Databricks, the inventor and commercial distributor of the Apache Spark processing platform, has announced the launch of an open source project called Delta Sharing at the Data + AI Summit.
The supplier describes Delta Sharing as the “first open protocol for securely sharing data across organisations in real time, completely independent of the platform on which the data resides”.
It is included within the Delta Lake project, which combines data lake technology with data warehousing attributes, and which the company open sourced in 2019 at its conference, then called Spark + AI Summit, from its own Delta product.
As a term, “data lakehouse” has some currency beyond Databricks, attracting the imprimatur of the O’Reilly media group, albeit in association with the supplier.
It is said to be supported by data providers Nasdaq, ICE, S&P, Precisely, Factset, Foursquare and SafeGraph, and by storage and software providers Amazon Web Services (AWS), Microsoft, Google Cloud and Tableau.
Matei Zaharia, chief technologist and co-founder of Databricks, said: “The top challenge for data providers today is making their data easily and broadly consumable. Managing dozens of different data delivery solutions to reach all user platforms is untenable. An open, interoperable standard for real-time data sharing will dramatically improve the experience for data providers and data users.
“Delta Sharing will standardise how data is securely exchanged between enterprises regardless of which storage or computing platform they use, and we are thrilled to make this innovation open source.”
In an interview ahead of the summit, Joel Minnick, vice-president of marketing at Databricks, said: “The lakehouse is emerging as the new architecture for how customers think about their data, in that it brings their data and AI [artificial intelligence] initiatives onto the same platform.”
It is, he said, gaining recognition as an IT industry term, and featured at AWS’s re:Invent conference, with a focus on Amazon Redshift.
Minnick cited a recent blog by Bill Inmon, often described as the father of data warehousing, as an important validation for the data lakehouse concept. The blog describes the lakehouse as the natural evolution of data architecture. Inmon is speaking at the Data + AI Summit.
“In pursuit of machine learning and AI initiatives, getting value from unstructured data, alongside structured data, is something that data warehouses cannot do. And nor can data lakes. The lakehouse [concept] recognises that the vast majority of your data today is landing in your data lake, and data lakes lack reliability, performance capability and governance,” said Minnick.

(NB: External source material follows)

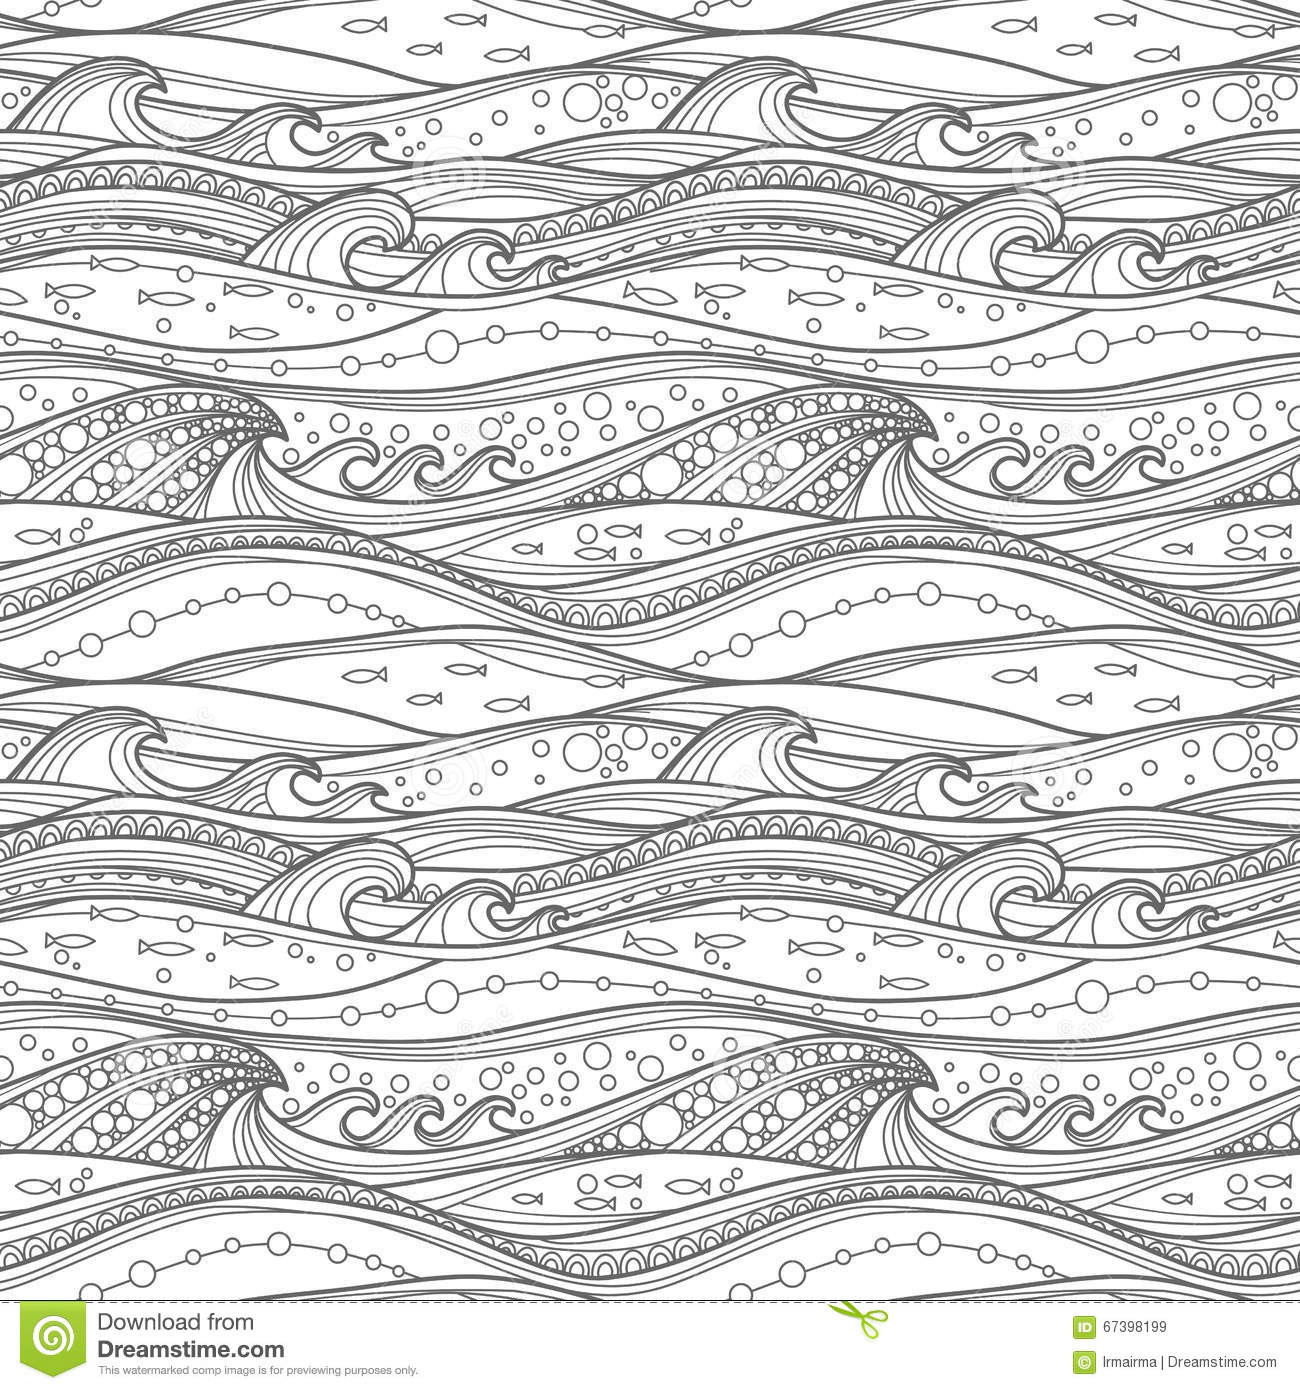 Ocean Waves Coloring Pages For Adults
 Coloring page sea pattern stock vector Illustration of

“Data lakes are great places to put data, but they are not engineered to have lots of concurrent users running analytic workloads,” he added. “Data warehouses do have great performance, reliability and governance, but they are not built for unstructured data types, and are generally proprietary. It’s easier to move a data lake up, and bring governance to it, than to bring a data warehouse down to deal with less structured types of data.”
Minnick said that the value of the Delta Sharing product laid in organisations wanting to “ask bigger questions” by pooling in data from outside. “Retailers, for example, want to share data with other retailers and their suppliers, and that is not easy to do,” he said. “Even within companies, different divisions have their own data platforms. And it’s not just [data in] traditional tables that companies want to share, but unstructured data.”
Minnick said Delta Sharing offered a solution to this data sharing problem. “We’ve had great support in this from the data providers, like Nasdaq, Standard and Poor’s, and AWS, and from the data tools side, like Microsoft, Tableau, Looker and Qlik, in getting one common format to align behind to share data with their customers,” he added.
The protocol is said to establish a common standard for sharing all data types that can be used in SQL, visual analytics tools, and programming languages such as Python and R. Delta Sharing also allows organisations to share existing large-scale datasets in the Apache Parquet and Delta Lake formats in real time without copying them, and can be implemented within existing software that supports Parquet.